■ **Task brief**
Leave the images out. Give every line below again, precisely.

■ **Exercise data**
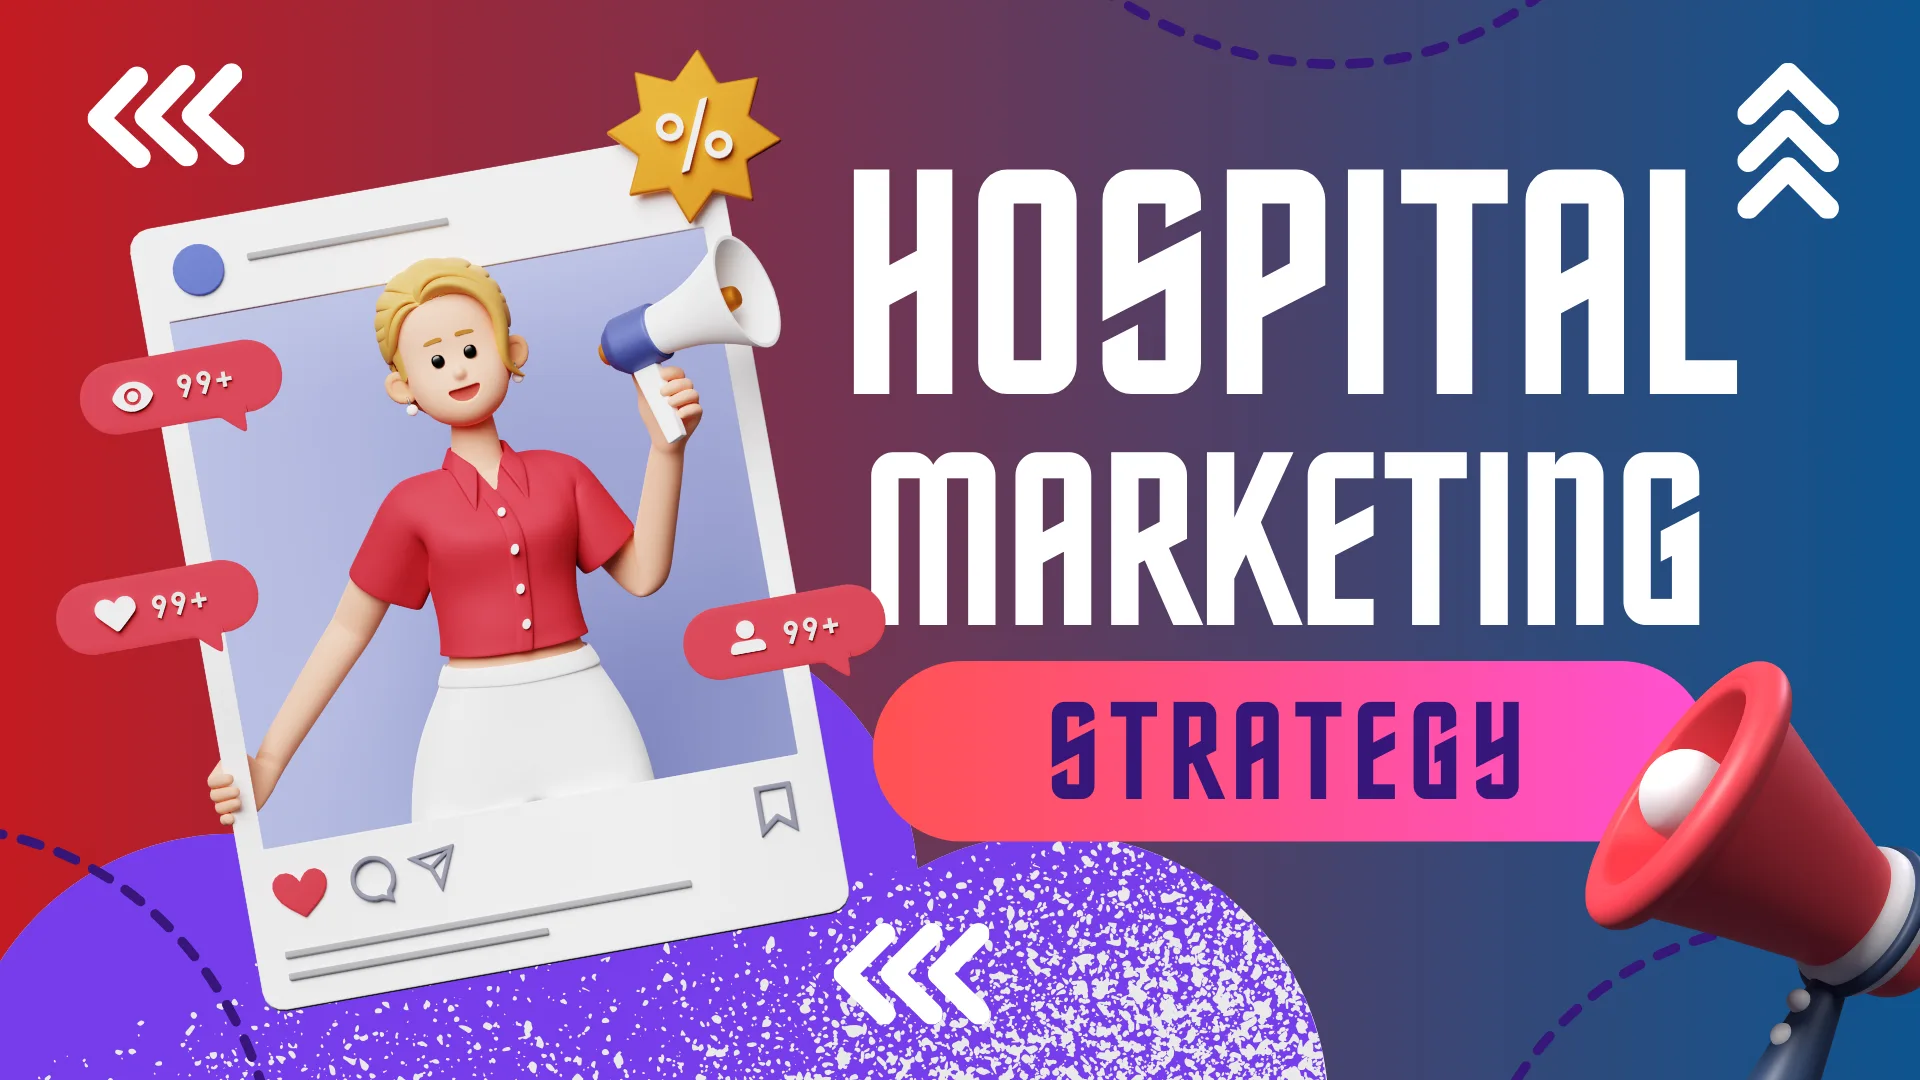 Hospital marketing strategy
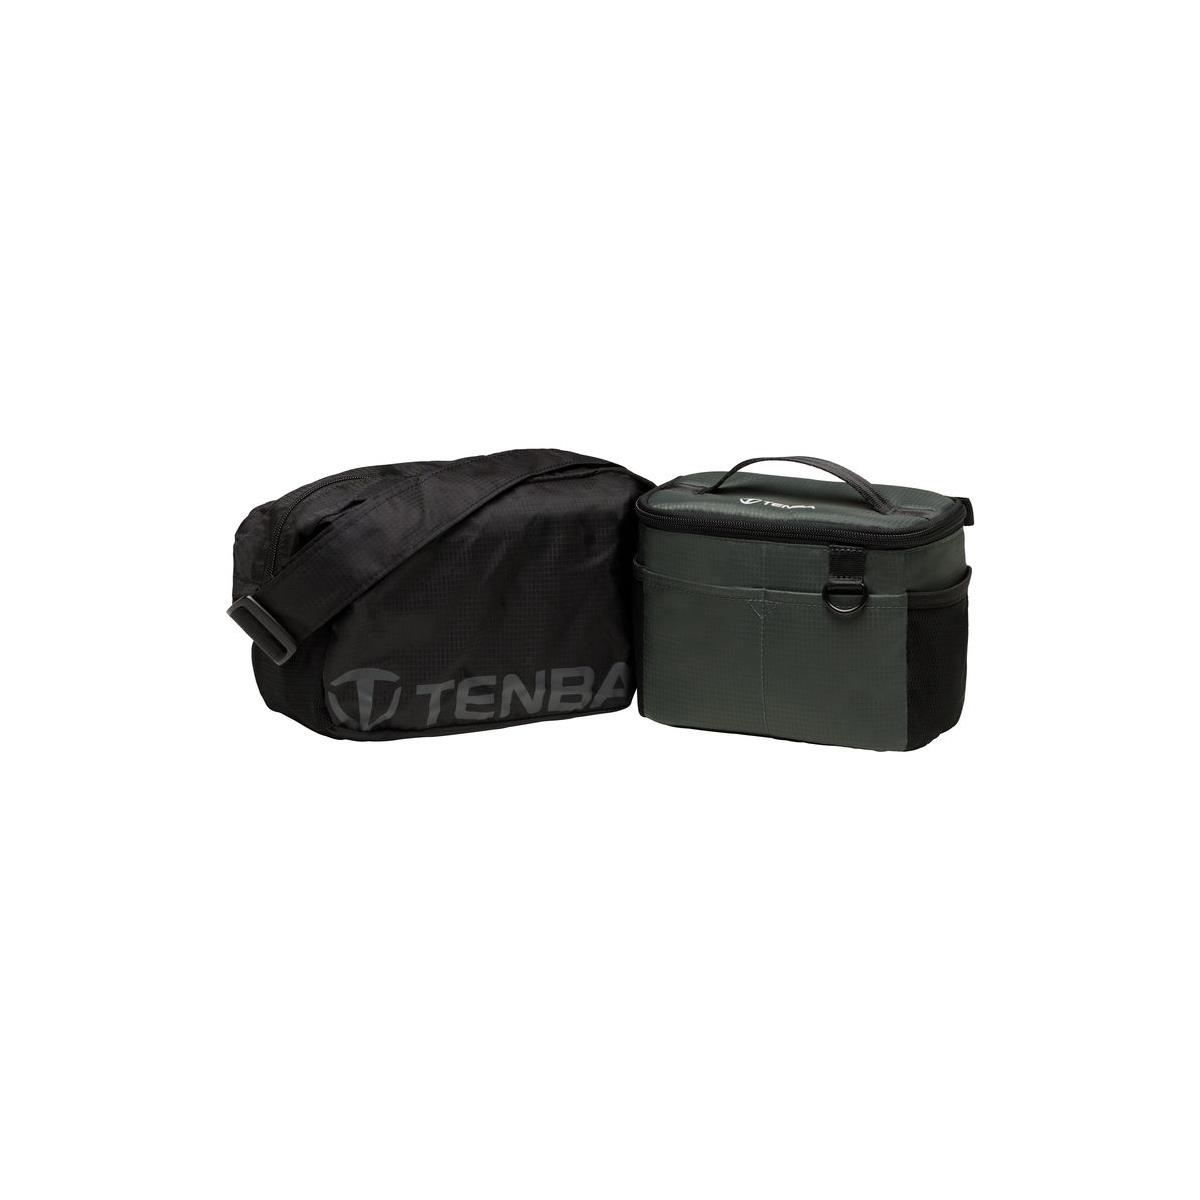 Tenba 636-281 BYOB/Packlite 7 Flatpack  Bundle with Insert and Packlite Bag (Black and Gray)
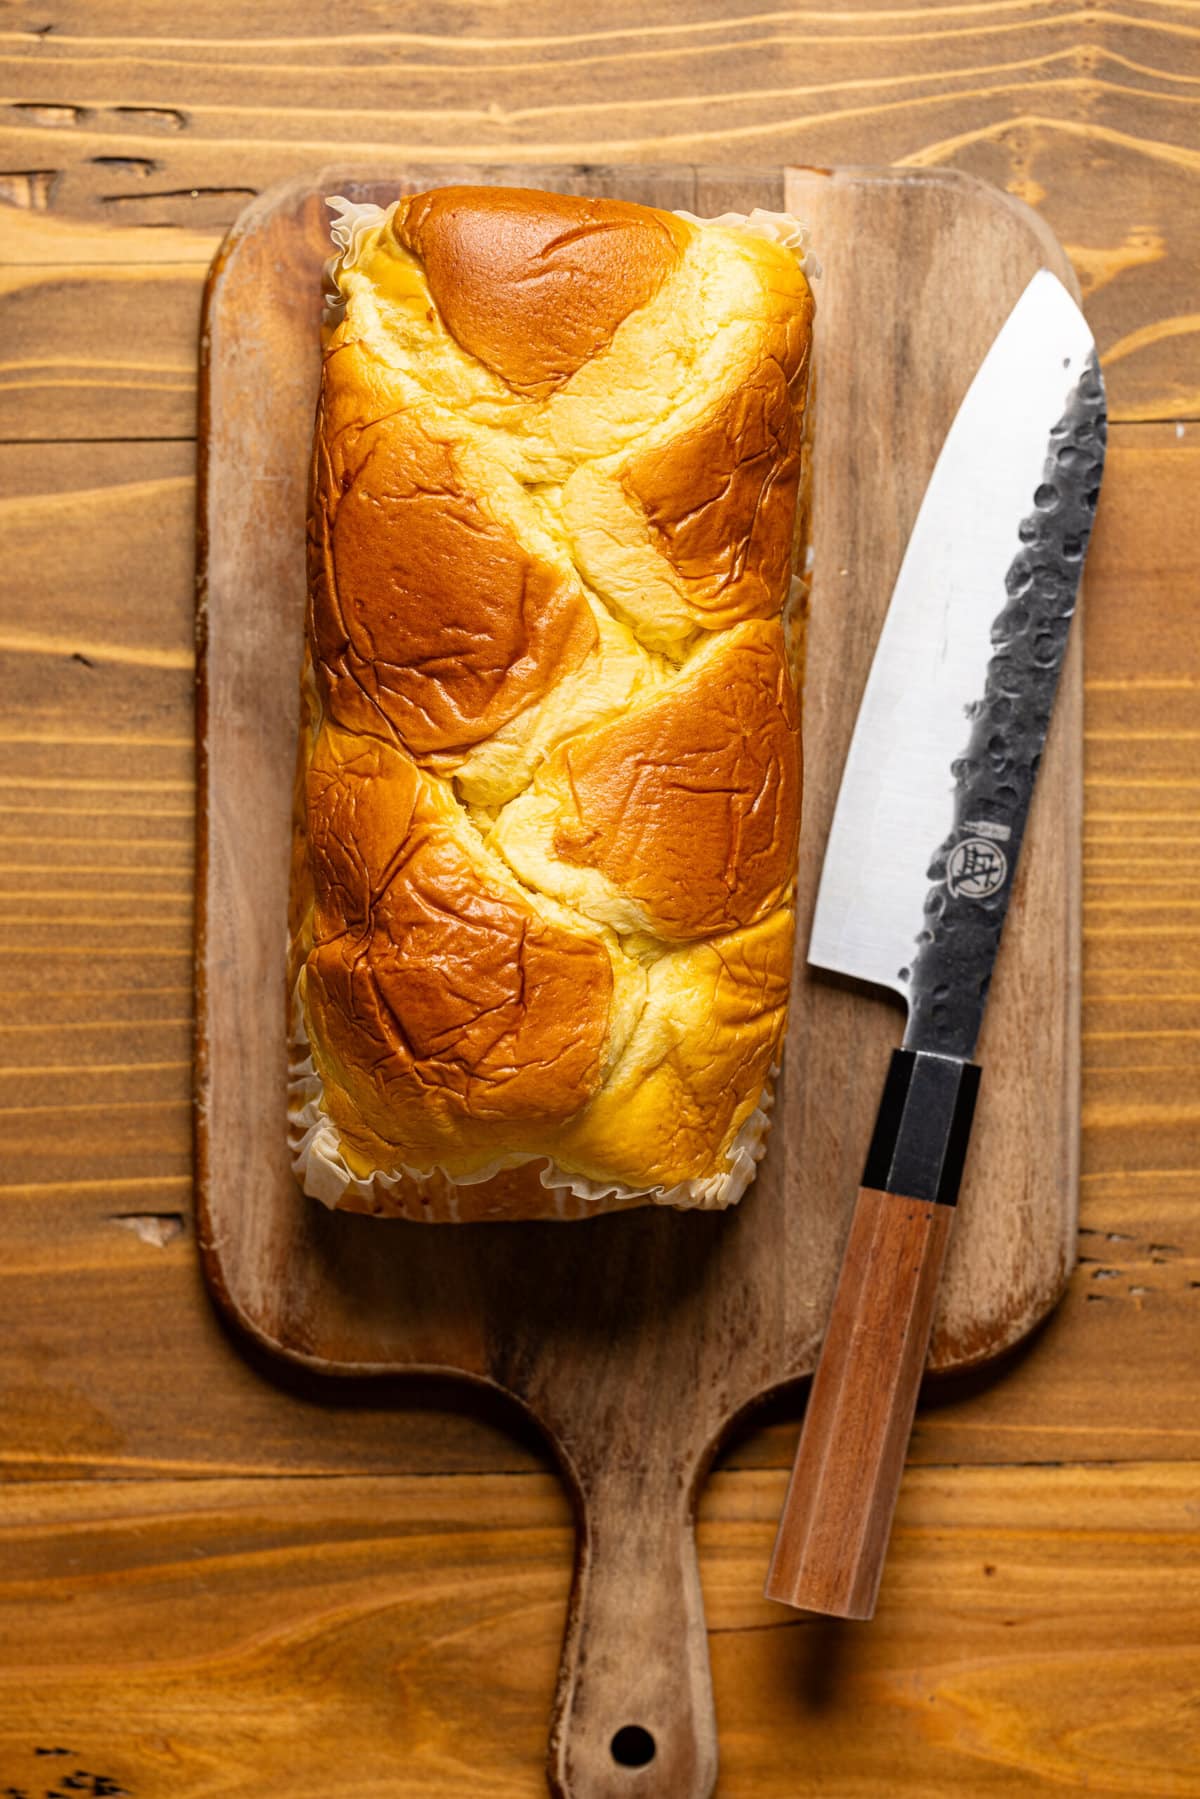 Brioche bread on a cutting board with a knife.
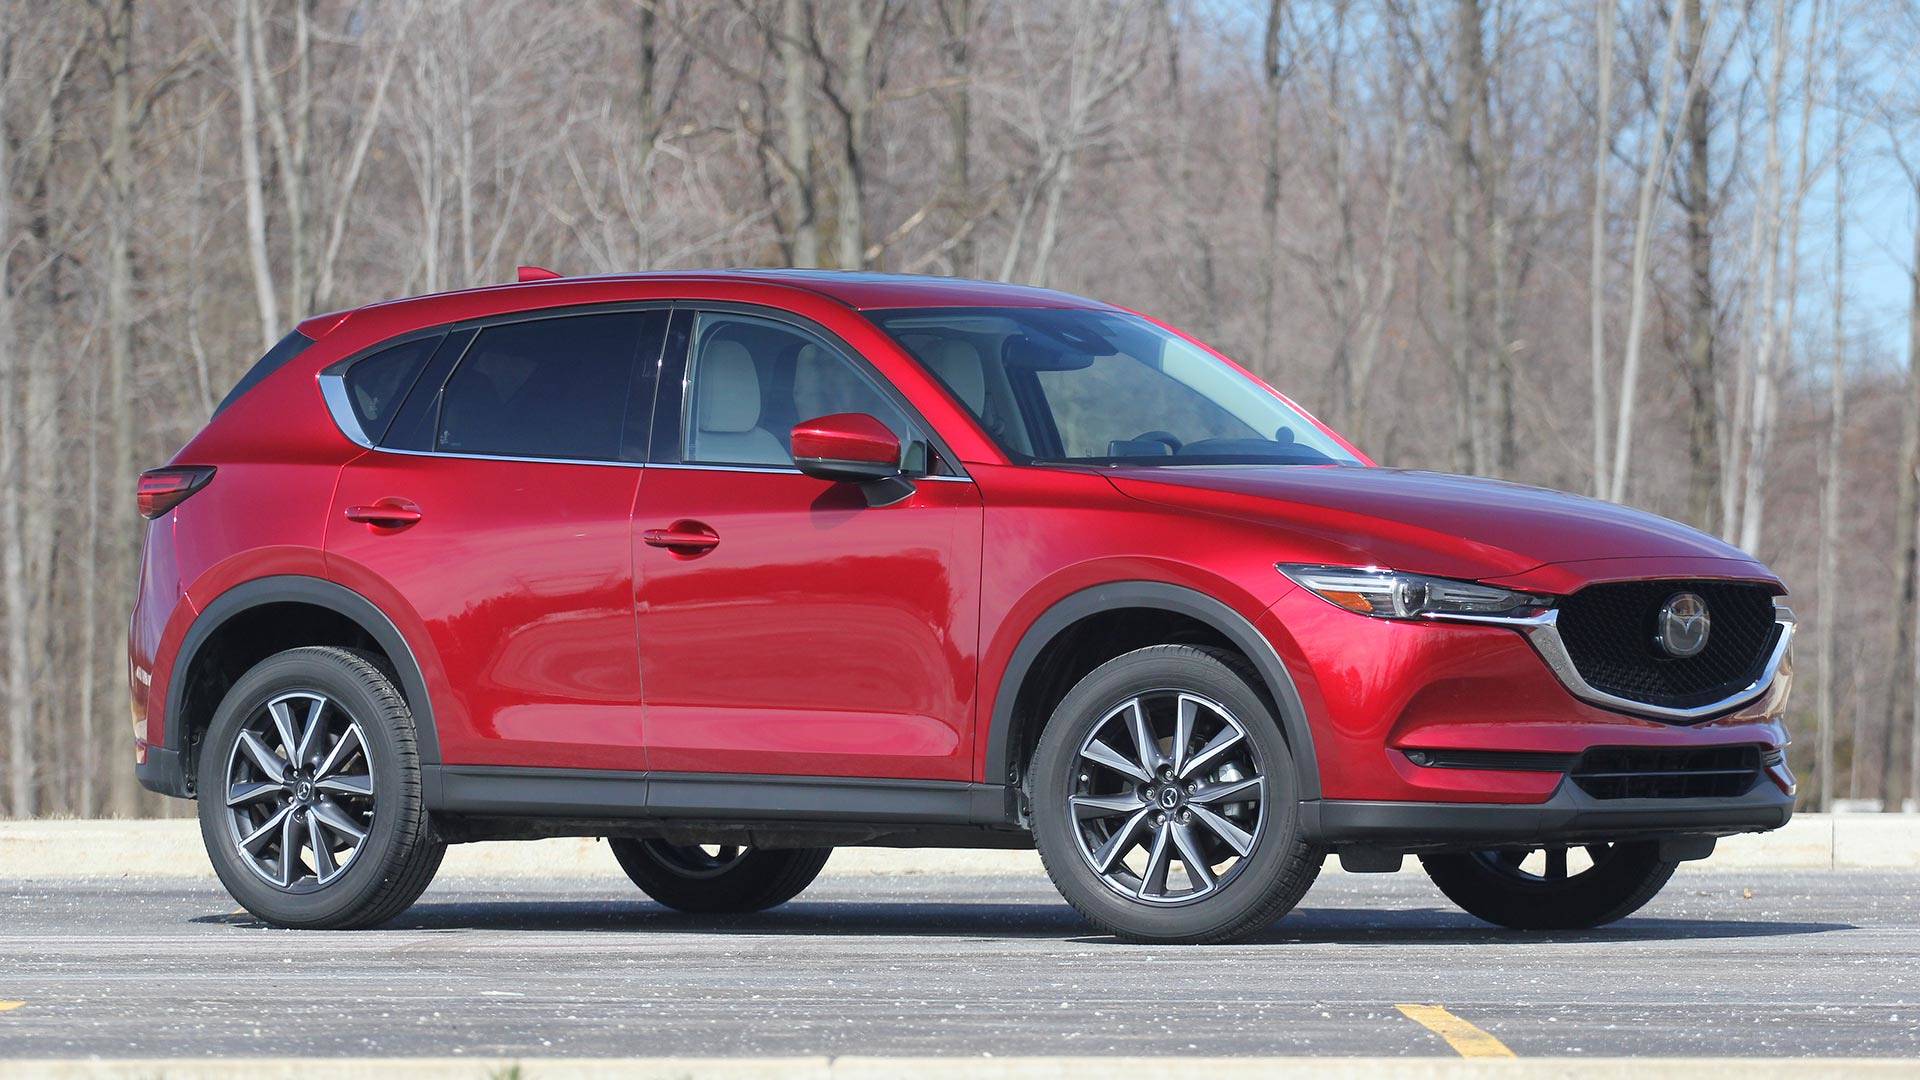 Мазда сх 5 (Mazda CX 5) 2019 - цена, отзывы владельцев, фото, тест-драйв видео, характеристики

■ **Answer to this problem**
 Hospital marketing strategy
 Tenba 636-281 BYOB/Packlite 7 Flatpack  Bundle with Insert and Packlite Bag (Black and Gray)
 Brioche bread on a cutting board with a knife.
 Мазда сх 5 (Mazda CX 5) 2019 - цена, отзывы владельцев, фото, тест-драйв видео, характеристики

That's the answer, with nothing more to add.